For me, the security picture is one of the main features of the eco-system even if it's very restrictive - disabling SIP undermines it more or less completely.
Edit: to be clear for the people who may not know, Apple Pay does not work with SIP disabled. ;P
Aaand, it's stillborn. Not happening.
Fundamentally, containers are about namespace/isolation of a bunch of OS interfaces, so file system functions, network functions, memory management, process functions, etc, can all pretend like they're the only game in town, but crucially without having to virtualize out the kernel.
Does XNU have such namespacing functionality across all its interfaces?

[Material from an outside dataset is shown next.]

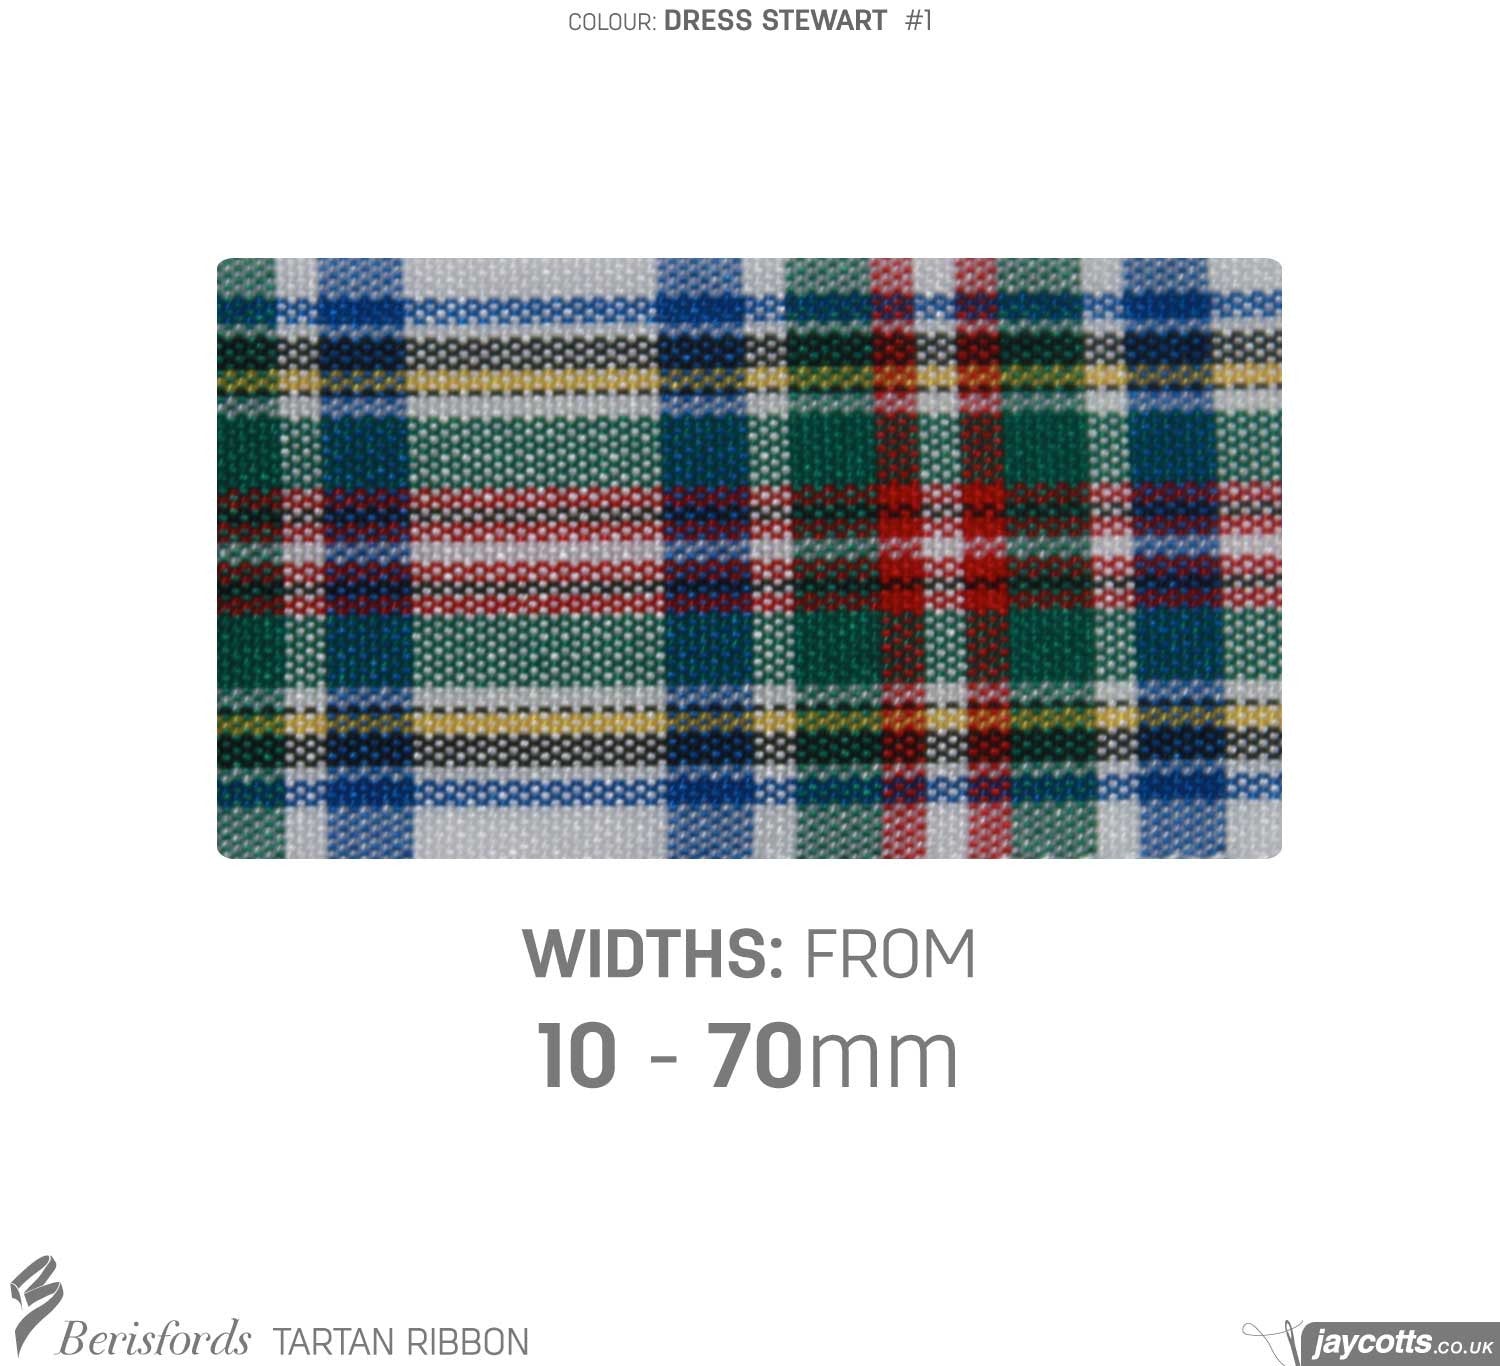 Berisfords Tartan Ribbon: #1 Dress Stewart from Jaycotts Sewing Supplies

Furthermore, the existing container ecosystem assumes a Linux syscall interface. [1]. Does macOS provide that? I expect not.
The way Docker Desktop (and podman.io) implement "containers on macOS" is a bit of a cop-out: they actually run a Linux virtual machine (using Hypervisor.framework/hvf), and have that just provide the container environment.
Is that what this project is doing? But then, how could it run a macOS container?
[1] based on the foundation that Linux, unlike BSDs, has a stable syscall interface!
This is fine if you have a 32/64GB machine, but less so on an 8GB non-upgradeable laptop.
I get it - memory is relatively cheap these days - and manufacturers that are building memory-limited devices are really only doing it to fleece you on obscene upgrade fees at the time of purchase - but it would be nice if there was a more elegant solution to this on Windows and macOS.
WSL 1 had a solution to this that clearly took a lot of work to put together, wherein they'd have a Linux kernel running side-by-side as a Windows sub-process so that the memory pool was shared. Unfortunately it might have been too much work as they scrapped it entirely for WSL 2 and just used essentially the same VM route.
If anyone knows of any projects trying to work around that problem I'd love to hear about it. If Apple really wanted to bring the development community back on board, focusing on these kind of use cases would be great, sadly it seems someone over there has taken the view that scrapping butterfly keys and the touchbar is "enough".
Say what you will about Microsoft, but they've focused really hard on developer use cases for decades, and it shows.
Containers are namespaced processes. These processes exec against the corresponding kernel they require. There is no workaround: if you have an ELF binary calling Linux syscalls it can only run on a Linux kernel†, so to run that you need a VM††. It's not as bad as it appears thanks to memory ballooning†††.
Conversely if you want to exec a Windows binary in a container, the Windows kernel needs to provide process namespacing features (which it does). And if you want to exec a Darwin binary in a container, then the Darwin kernel needs to provide process namespacing features (which it doesn't).
† WSL1 was implementing the Linux syscall API on the Windows kernel, which proved to be much more complex than it appears to be.
†† Or colinux (https://en.wikipedia.org/wiki/Cooperative_Linux), or user-mode Linux (https://en.wikipedia.org/wiki/User-mode_Linux).
autoMemoryReclaim – Makes the WSL VM shrink in memory
as you use it by reclaiming cached memory
https://devblogs.microsoft.com/commandline/windows-subsystem...Obviously that limits the options, but I'll still be taking one last shot at using creative workarounds to tackle the memory problem in OrbStack (another containers-on-macOS product).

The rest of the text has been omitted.